John Tullock's book "Saltwater Aquarium Models" has dozens of good ones, though it's like 10 years old ( but of course, This kind of information never get dated). It's even available on Kindle. I believe he got a PhD in marine biology in the Keys in the 60s/70s, and was in the saltwater aquarium business from then until the mid 00s. Meaning, he knews his aquarium keeping - at least for the time - and especially biology, like few others in the business.
Anyway, there are many different ones you can choose from. Just snorkeling a major site can give you several different ideas - for instance, my Kapoho tide pools had a Monti pond (relatively calm water but with strong current, big plating montis everywhere) and a back reef section (some montis, more porites, pocillopora, sand, and pretty strong current).
What are you looking to keep?
Off the top of my head, an easy biotope would be a branching coral lagoon from the coral triangle.
Note that this is in a shallow lagoon in Palau, at a time with little current (slack tide?). In the background also are Talbots' damsels, azure damsels (Chrysiptera hemicyanea), I believe a branching Porites (Porties cylindrica? This is not common, but available in the hobby and easy to grow apparently), and in the background I believe two montiporae (Montipora capitata and maybe a capricornis), and possibly a Favites.
See this also: pj cards near a cluster of branching/staghorn type acros. maybe a morph of Acropora yongei, one color morph of which is the ORA Green Slimer. The page has several other inspirational views of the same or nearby parts of a reef somewhere.
https://www.shutterstock.com/video/...itat-sphaeramia-nematoptera-k-ultrahd-up.html
Here’s one idea on how to implement this:
Tank: shallow tanks. a 40 breeder, the deep blue 48x16x16, etc. would be good candidates.
Lighting: the more the better
Flow: Strong, but fairly gentle - not random pulses or anything like that. During the day, your pumps should be set to lagoon mode on the ecotechs, Variable pulse mode or pulse mode on the Maxspect Gyre advanced controllers., W2 on the jebao pumps. I would do at least 50X flow, at least two pumps.

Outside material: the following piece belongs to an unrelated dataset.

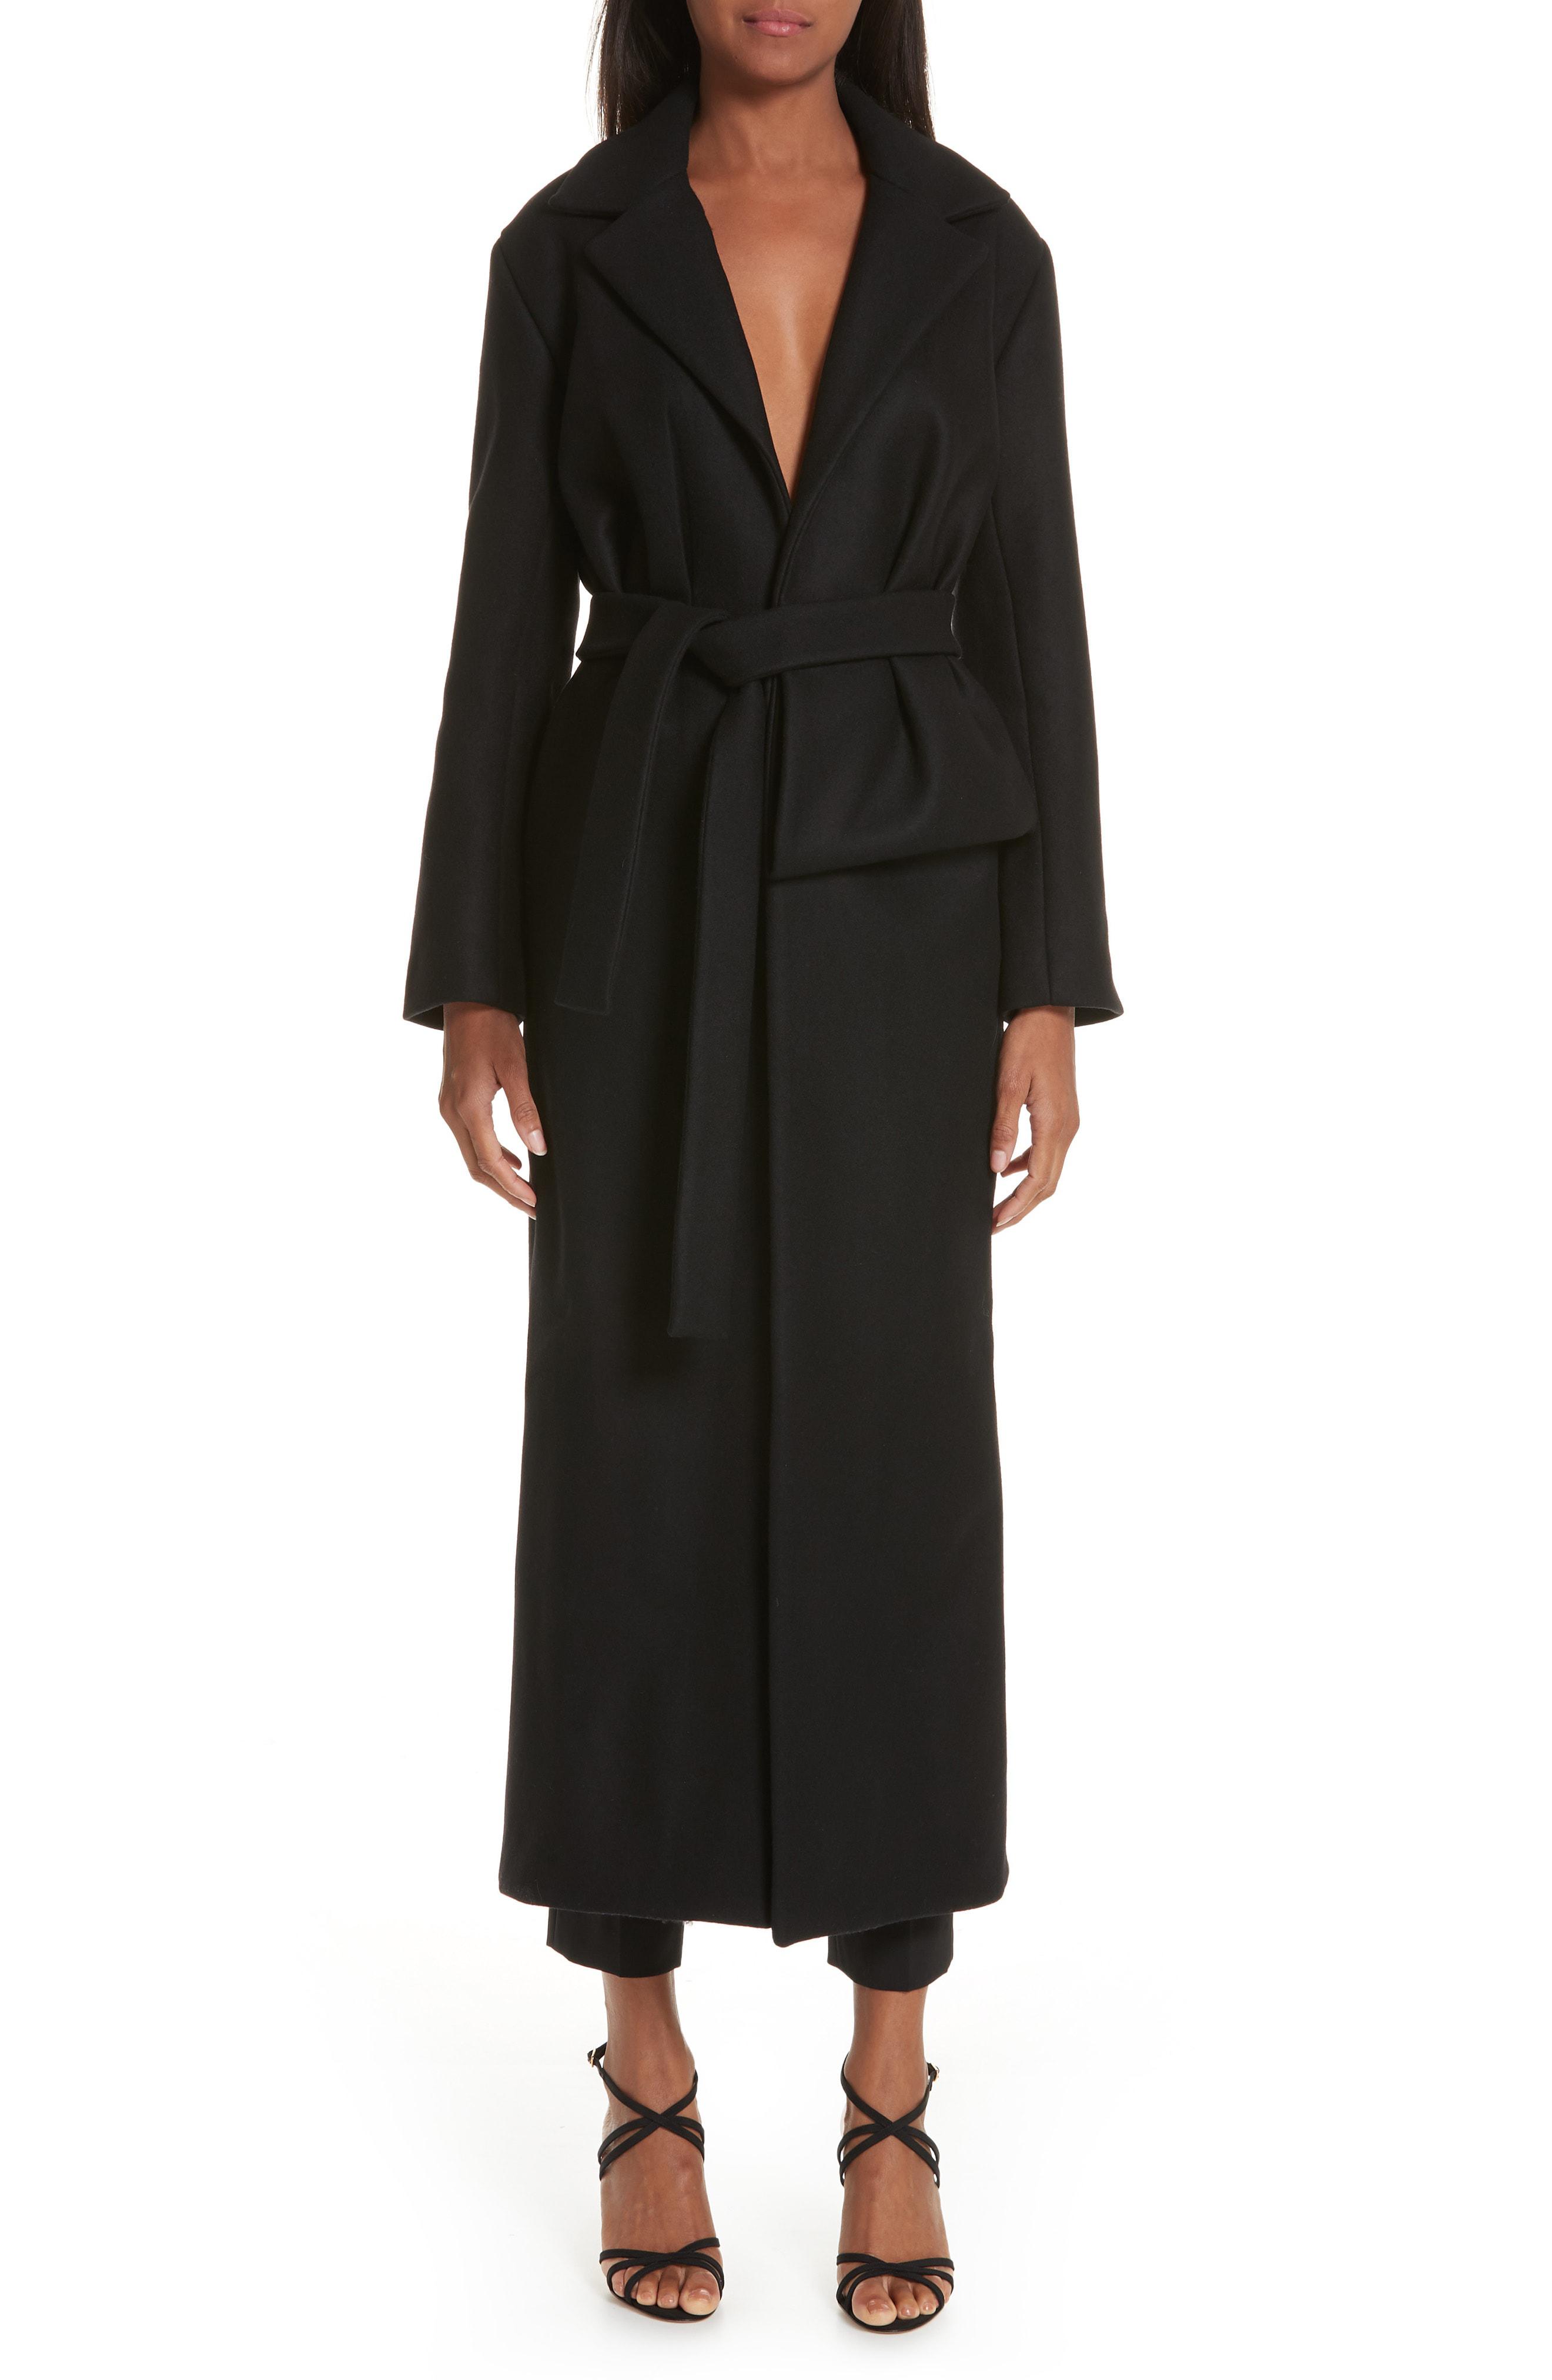 Jacquemus Le Manteau Aissa Belted Wool Blend Coat in Black - Lyst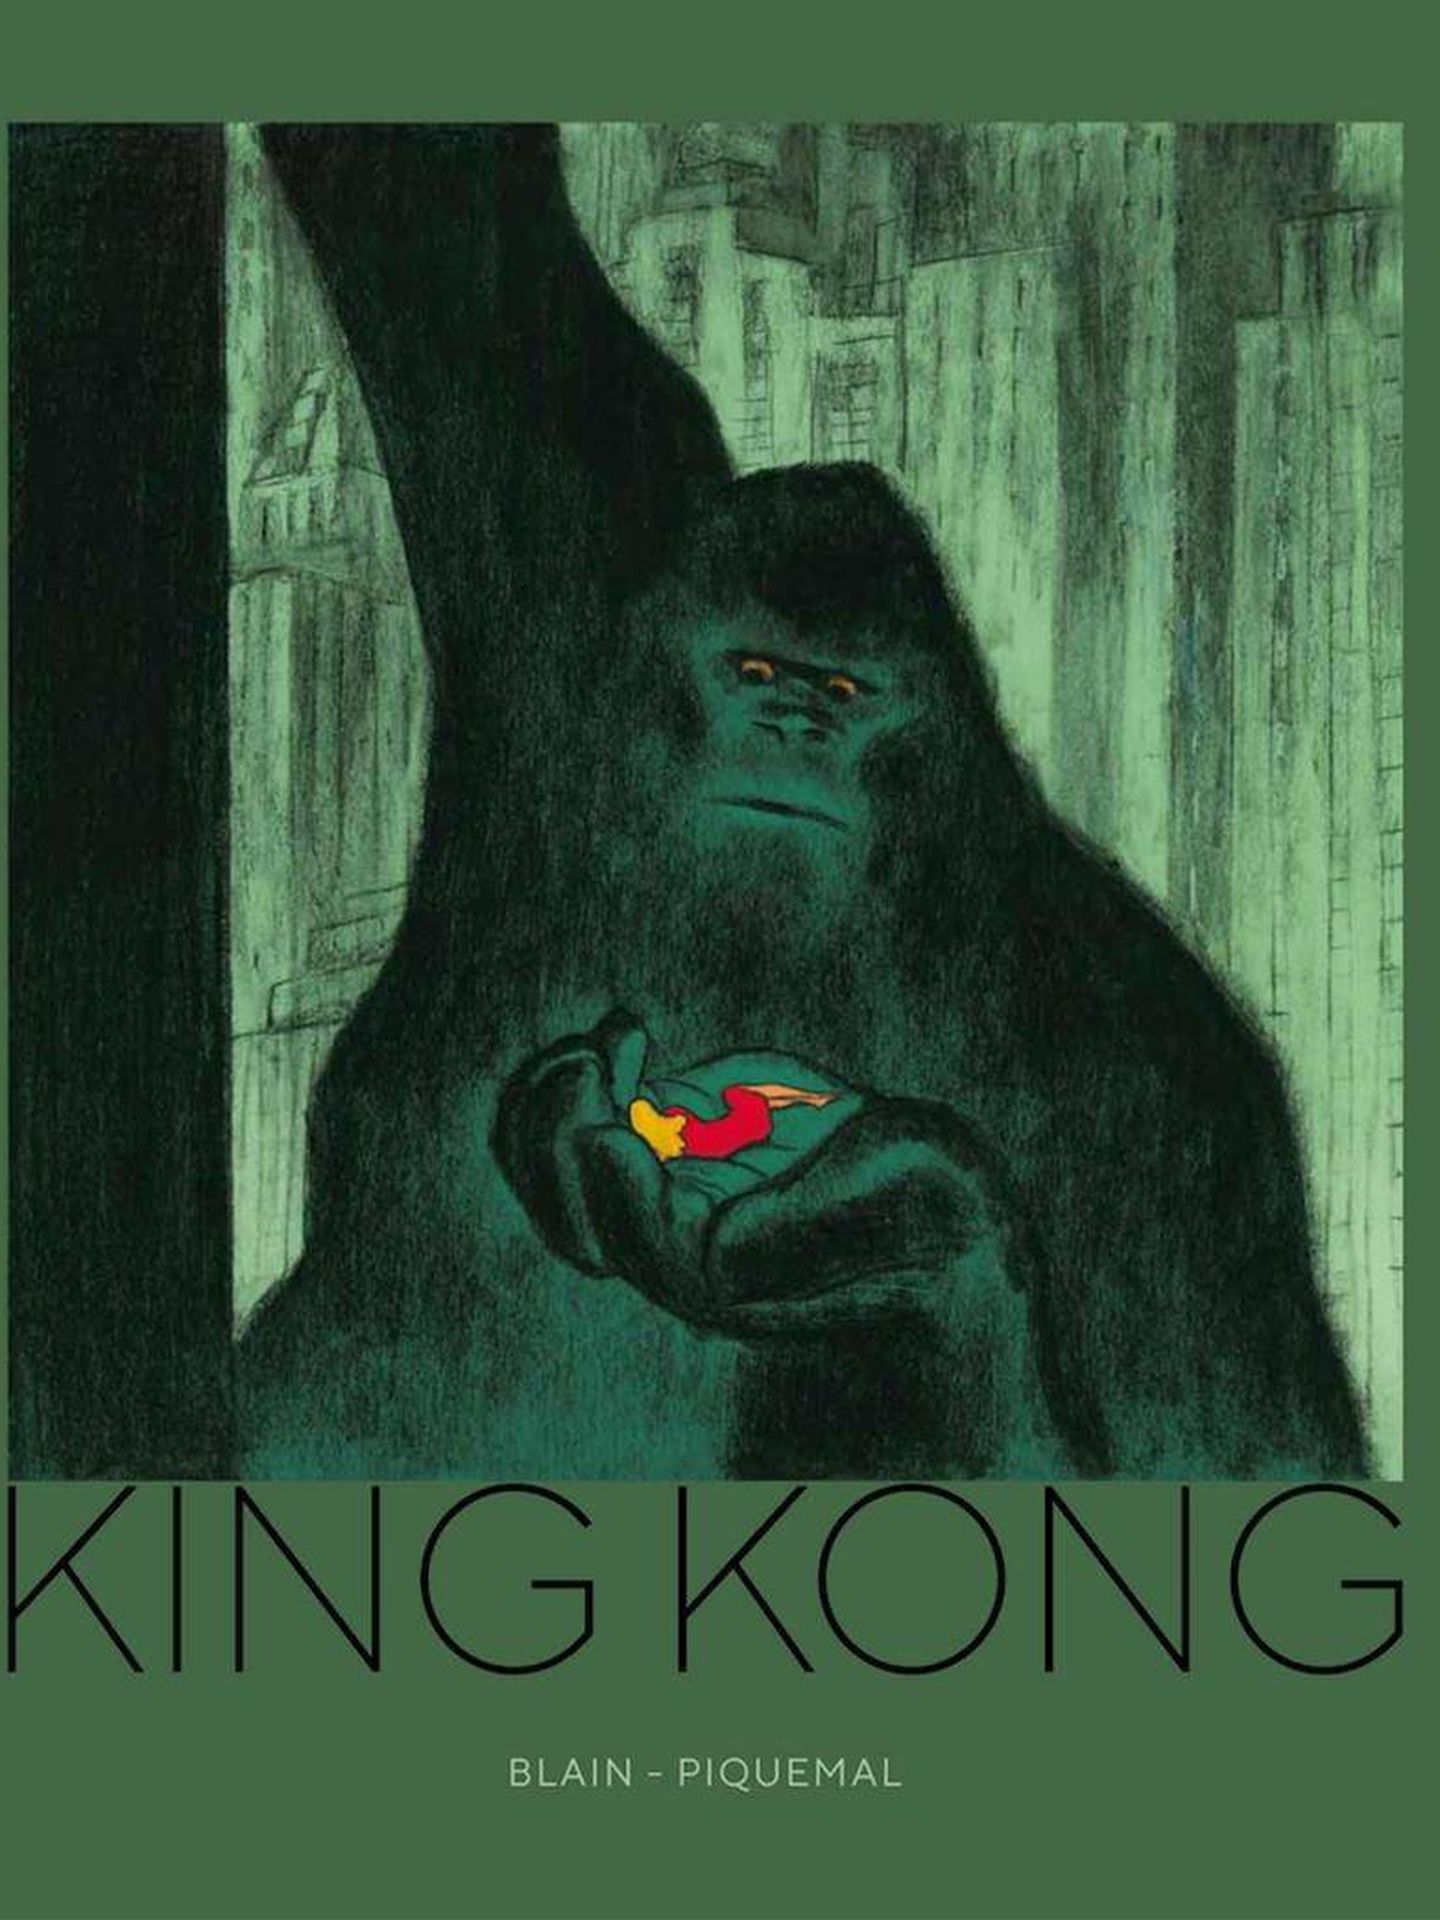 'King Kong'.

Hard corals: Mostly easy branching corals. I would start with a 4-5 of cheap fake ones (
http://www.deepblueprofessional.com/coral-concepts.html), and let the real ones grow in, gradually jettisoning the fake ones as the real ones grow. Branching Porites (e.g.
https://www.liveaquaria.com/product/484/porites-coral-yellow?pcatid=484&c=1679+322+484). Montipora digitata. Pocillopora/Stylophora/Seriatopora. Maybe an easy, hardy aquaculutred acro or two (ORA red planet or green slimer). If you want, a few encrusting montis or favia/favites.
Fish: Many options among the easy to care for, captive bred fish typically recommend for beginners.
PJ cardinals. Banggai Cardinals. Blue streak cardinals (school best, and get on well with Banggais reportedly). Talbots' damsels. Azure damsels (Chrysiptera hemicyanea). Ocellaris clownfish+ a BTA. Rainsford Goby, captive bred from biota. Mandarinfish (once you're well established. Also captive bred from Biota).